Réforme injuste, inégalitaire, inéquitable, inutile, inefficace dans le temps ... qui ne règlera rien ...
Madame la députée,
Monsieur le député,
Après deux premières journées de mobilisation intersyndicale d’ampleur, après l’intervention de madame Borne sur France 2 jeudi 2 février et à la veille de nouveaux appels à la grève et aux mobilisations contre le projet de loi des retraites, le Sgen-CFDT Nord Pas-de-Calais se permet de vous interpeler afin de vous expliquer pourquoi nous nous opposons à la réforme des retraites proposée par le gouvernement.
Tout d’abord, cette réforme est injuste. Le report de l’âge légal de la retraite à 64 ans touche davantage certains travailleur.ses que d’autres : celles et ceux qui sont proches de la retraite et surtout celles et ceux qui ont commencé à travailler avant 21 ou 22 ans. Or ces travailleur.ses sont aussi souvent celles et ceux qui occupent les emplois les moins rémunérés, les plus éreintants et dont l’espérance de vie en bonne santé est la plus faible. Ce sont aussi celles et ceux qui ont pour beaucoup permis à notre société de tenir au moment de la pandémie de Covid.
Ensuite, cette réforme est inégalitaire, contrairement aux dires du gouvernement. Elle ne touchera pas de la même façon les différentes classes sociales. Elle ne touchera pas non plus de la même façon les femmes et les hommes. On estime par exemple que les femmes de la génération 1972 devront en moyenne travailler 9 mois de plus contre 5 mois pour les hommes de la même génération.
Cette réforme est également inéquitable. Telle qu’elle est conçue, la réforme fait peser l’intégralité de l’effort sur les actifs.ves et notamment sur une partie de ceux-ci. Les entreprises, les retraité.es aisé.es ou d’autres ne sont pas mis à contribution. Cette inégalité ne peut pas être socialement acceptable.
Il est bon de rappeler que le système de retraites par répartition français n’est à ce stade pas menacé ! C’est ce que nous dit le Conseil d’Orientation des Retraites (COR). Le déficit projeté de 12 milliards d’euros pour 2027 ne représente en réalité que 3 % des dépenses de retraites par an (s’élevant à 324 milliards). Selon le COR, celui-ci reste « maitrise » et sur les 4 scénarios prévus pour les années suivantes, 3 prédisent que ce déficit va se résorber.
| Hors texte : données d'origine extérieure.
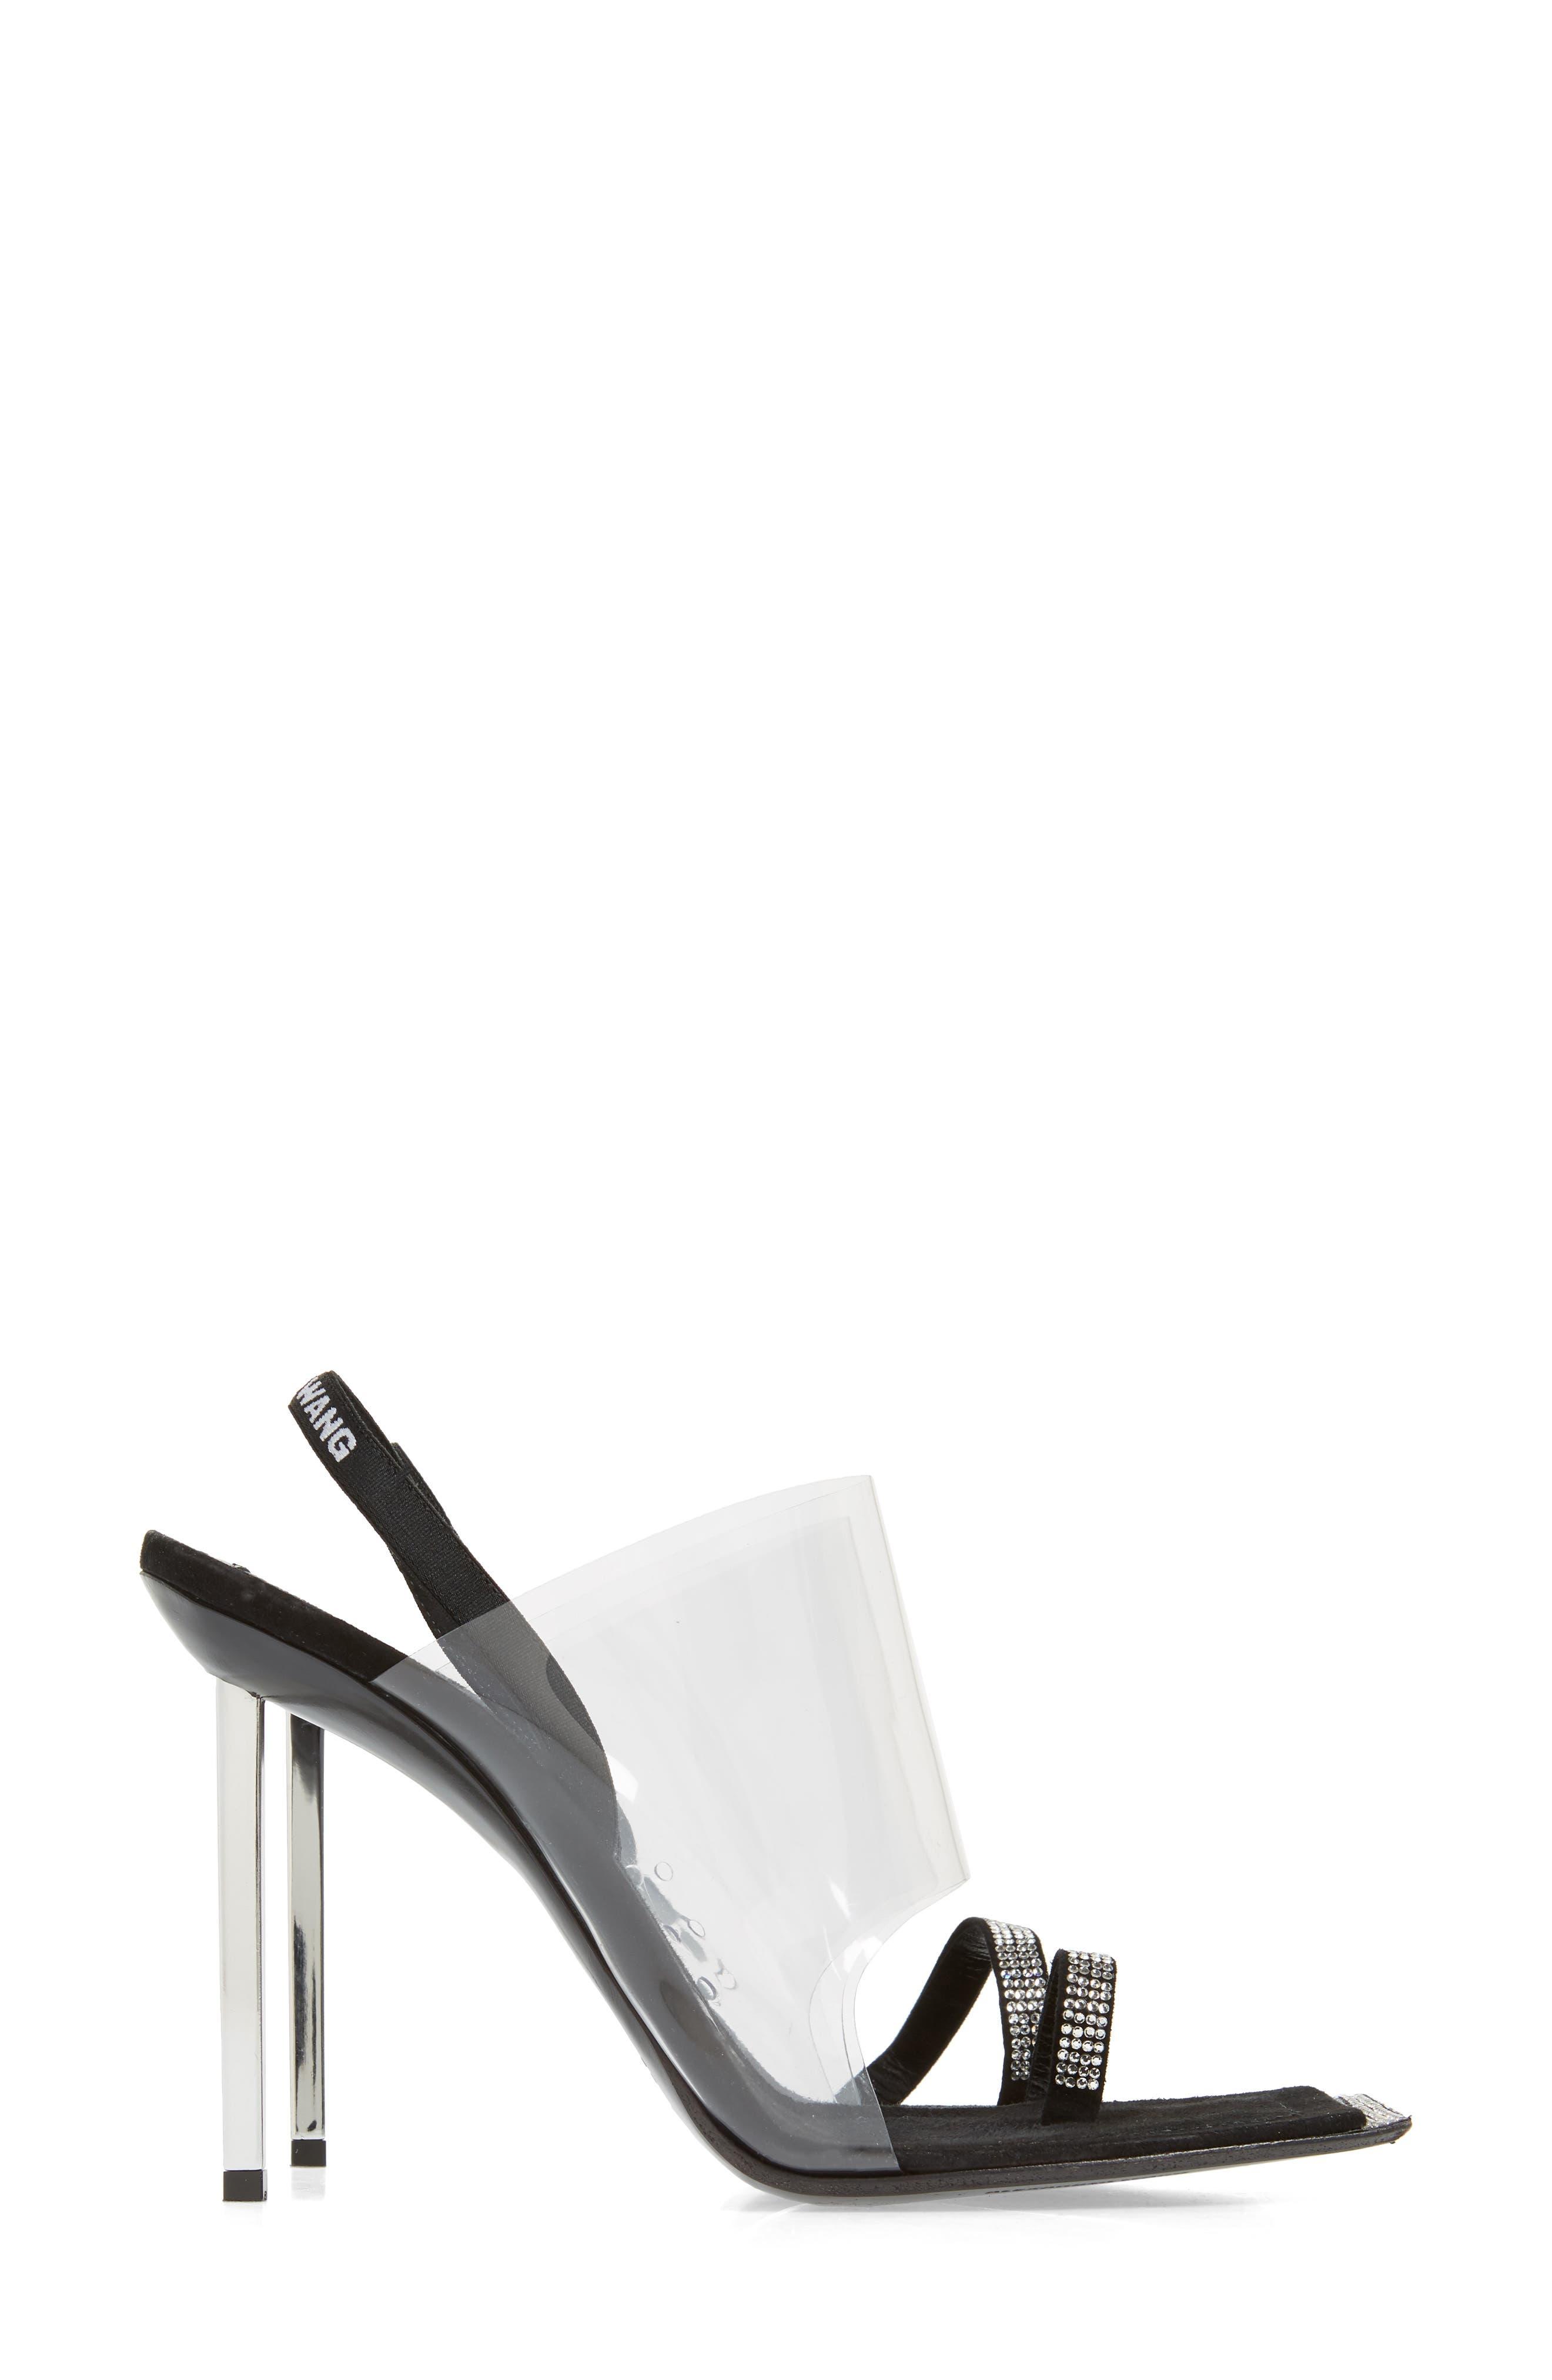 ALEXANDER WANG, Clear Shield Sandal, Alternate thumbnail 4, color, BLACK

L’effort demandé par le gouvernement est ainsi non seulement injuste mais aussi inutile.
Cette réforme se révélera inefficace dans le temps… Repousser l’âge légal peut permettre de faire rentrer davantage de cotisations et de payer moins de pensions… en théorie ! Car en pratique seuls 56% des Français de 55 à 64 ans sont en emploi. Le chômage massif des séniors est un coût important pour l’assurance chômage (et risque donc de s’aggraver avec la réforme) et un manque pour les caisses de retraite. Repousser l’âge légal sans traiter ce sujet, c’est risquer simplement de transférer le déficit du système de retraites à l’assurance chômage. A l’opposé, trouver de vraies solutions pour améliorer l’emploi des séniors permettrait de combler largement le léger déficit actuel. Ça tombe bien, la CFDT a des propositions en ce sens.
Enfin, cette réforme ne va rien régler… La CFDT est partisane depuis de longues années d’une vraie réforme des retraites. Eh oui ! Car notre système actuel est injuste. Il est injuste pour les femmes dont les pensions sont en moyenne 41% inférieures à celles des hommes. Il est injuste pour tous les personnels polypensionnés (qui ont cotisé à plusieurs caisses de retraite différentes) car les règles de calcul leur sont très fortement défavorables. Ces polypensionné.es représentent plus d’un tiers de la population ! Malgré de timides avancées sur le montant des pensions les plus faibles, la réforme proposée ne règle rien de ces soucis structurels de notre système de retraite. Pire, elle renforce encore certaines de ces injustices.
Pour terminer, nous vous invitons à voter pour l’amendement n°19594 concernant l’article 7 du PLFRSS pour 2023 (n°760) déposé ce jeudi 2 février par bon nombre de vos collègues. Cet amendement permettra de rétablir l’équité entre les seul·es enseignant·es du 1er degré et TOUS les autres personnels de l’Éducation nationale. En effet, actuellement la mise à la retraite des personnels enseignants du 1er degré ne peut légalement intervenir en cours d’année scolaire (article L. 921-4 du code de l’éducation). La loi impose donc aux professeurs des écoles un départ à la retraite au 31 août. Ce sont les seuls actifs et surtout actives à ne pas pouvoir choisir leur date de départ en retraite.
Veuillez agréer, Madame, Monsieur, l’expression de nos salutations distinguées.